The site has been fortified since at least the mid-10th century, and its first known occupant was a dependent of the Aleppo-based Hamdanid emir, Sayf al-Dawla. The Byzantine emperor John I Tzimiskes captured Sahyun in 975 from its Hamdanid ruler, and it remained under Byzantine control until around 1108 when the Crusaders took control of Latakia, at which point it is likely they also took possession of Sahyun. It was part of the Principality of Antioch, one of the four Crusader states established after the First Crusade. The lords of Sahyun were among the most powerful in Antioch. The first lord of Sahyun was probably Robert the Leper, who is recorded in control of it since at least 1119. Sahyun remained in his family until 1188. It was most likely Robert or his son, William of Zardana, who built the Crusader castle around the previous Byzantine fortifications. Most of what is evident today was built at this time. The fortress was notable as being one of the few which were not entrusted to the major military orders of the Hospitaller and the Templars.

On 27 July 1188, the Ayyubid sultan Saladin and his son, az-Zahir Ghazi, arrived at Sahyun with an army and laid siege to the castle. The Muslim forces adopted two positions outside the castle: Saladin established himself with his siege engines on the plateau opposite the castle's east side while his son was set up facing the north of the castle's lower enclosure. Stones weighing between 50 and 300 kg hurled at the castle for two days, causing significant damage. On 29 July, the order to attack was given. Az-Zahir assaulted the castle town adjoining the castle's west, and the inhabitants sought refuge in the castle. The castle and town were supposed to be separated by a ditch, however at the north end the digging remained unfinished. Exploiting this, Az-Zahir successfully stormed the castle walls. The inner courtyard was overrun and the garrison retreated to the donjon or keep. Before the day ended they agreed terms with their attackers and were allowed to ransom themselves. Though Sahyun was a strong castle, it fell in just three days. Kennedy speculates that, despite being well-provisioned, the fortress may have surrendered been because its garrison was not large enough or possessed siege engines.
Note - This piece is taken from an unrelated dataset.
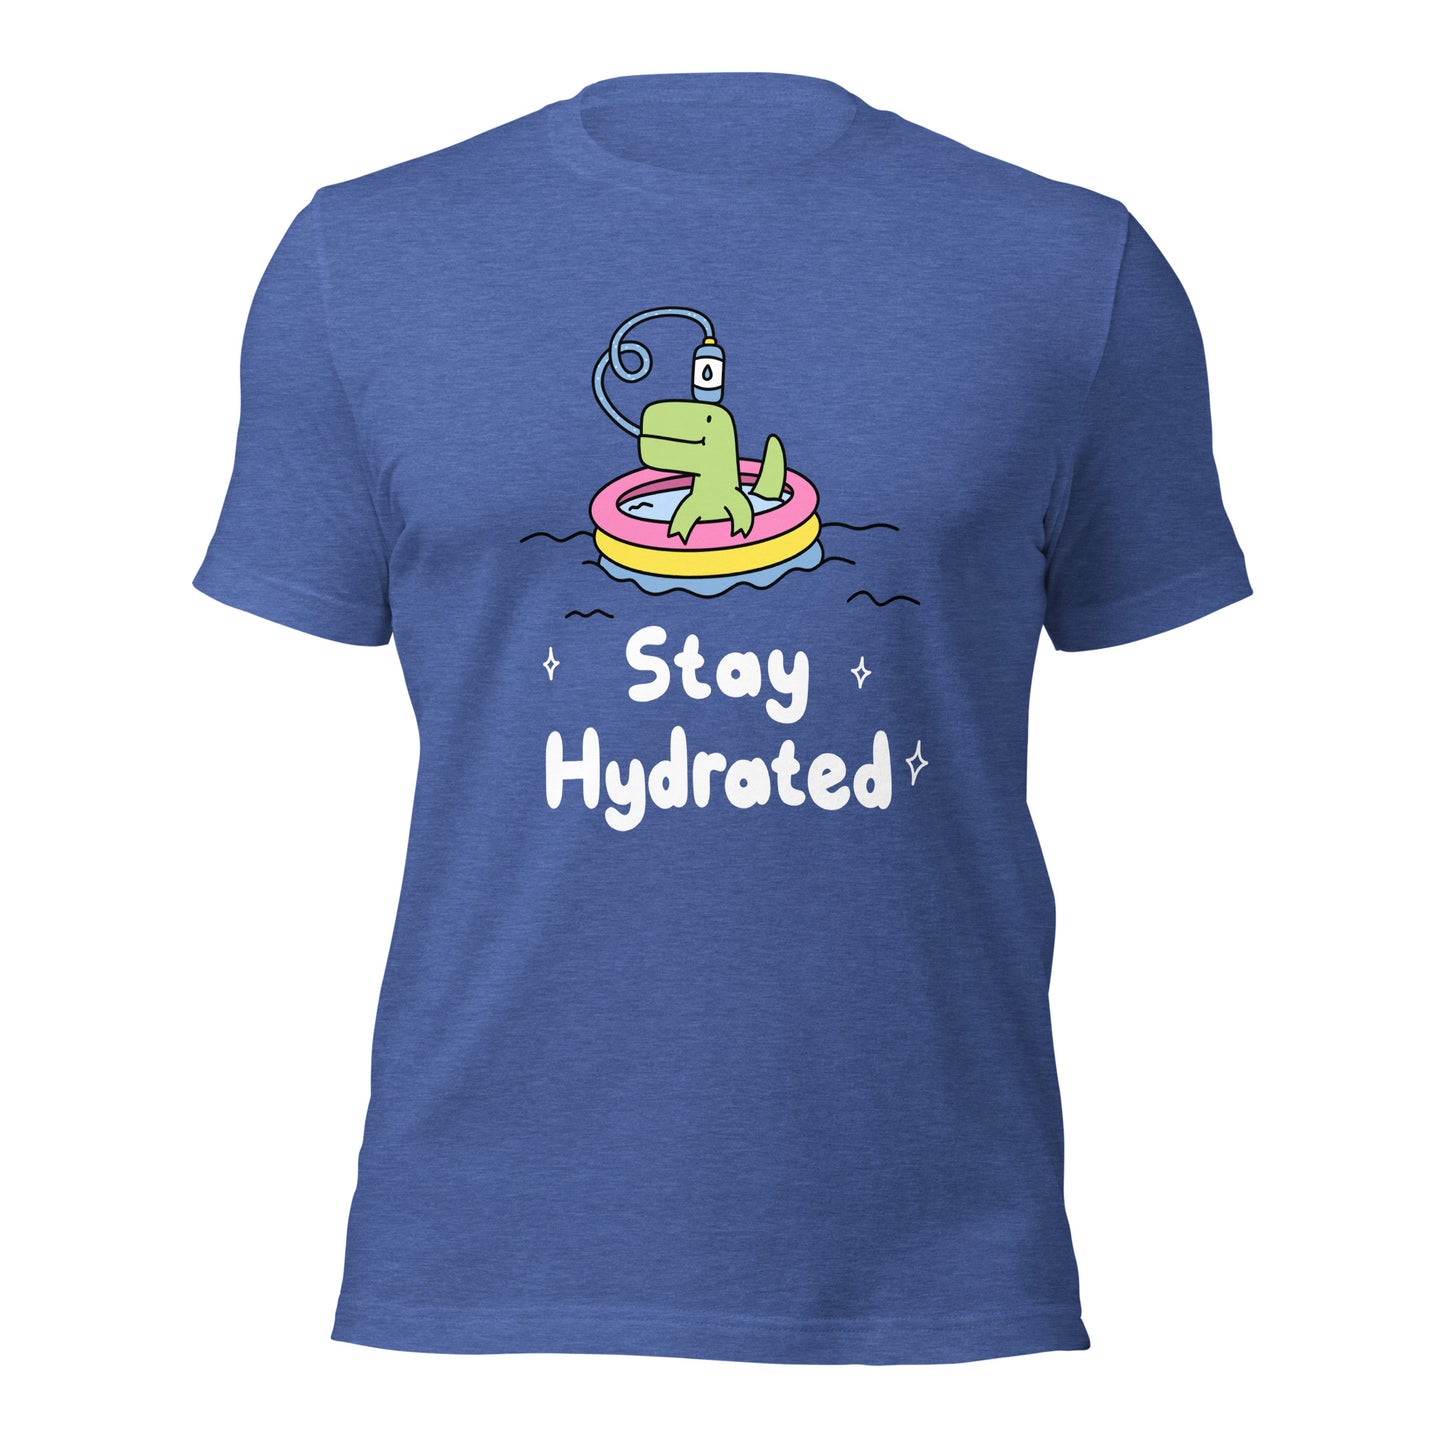 Stay Hydrated Unisex T-Shirt

Saladin granted Sahyun and Bourzey to one of his emirs, Mankawar (also known as "Mankurus ibn Khumartigin"). The pair descended through the latter's heirs until 1272 when Sahyun was given to the Mamluk sultan Baibars. Some time in the 1280s, the dissident Mamluk emir Sunqur al-Ashqar used the castle for refuge from Sultan Qalawun. Under Sunqur, the castle became the administrative center of a small semi-independent emirate. In late 1286 and early 1287, Qalawun set out to repress his rivals which including curtailing Sunqur's independence. To this end the sultan sent an army under the command of Turuntay to establish a siege at Sahyun. Turuntay sent a message to Sunqur, saying that if he surrendered the sultan would pardon him; Sunqur refused and so the siege began. It soon became apparent that Sunqur's men could not hold the castle, and so in April he surrendered.

Afterward, Sahyun was made part of the province of Tripoli. The castle remained significant and prosperous under the Mamluks until at least the late 14th century. The emir of Hama, Abu'l-Fida (r. 1273–1331), noted that a town was established adjacent to Sahyun. In later decades, however, Sahyun was abandoned.

After the Ottoman conquest in Syria, Sahyun became an Ottoman fortress. A 16th century Chinese text's description of a "city with two walls" between Tartus and Aleppo seems to match the citadel Sahyun.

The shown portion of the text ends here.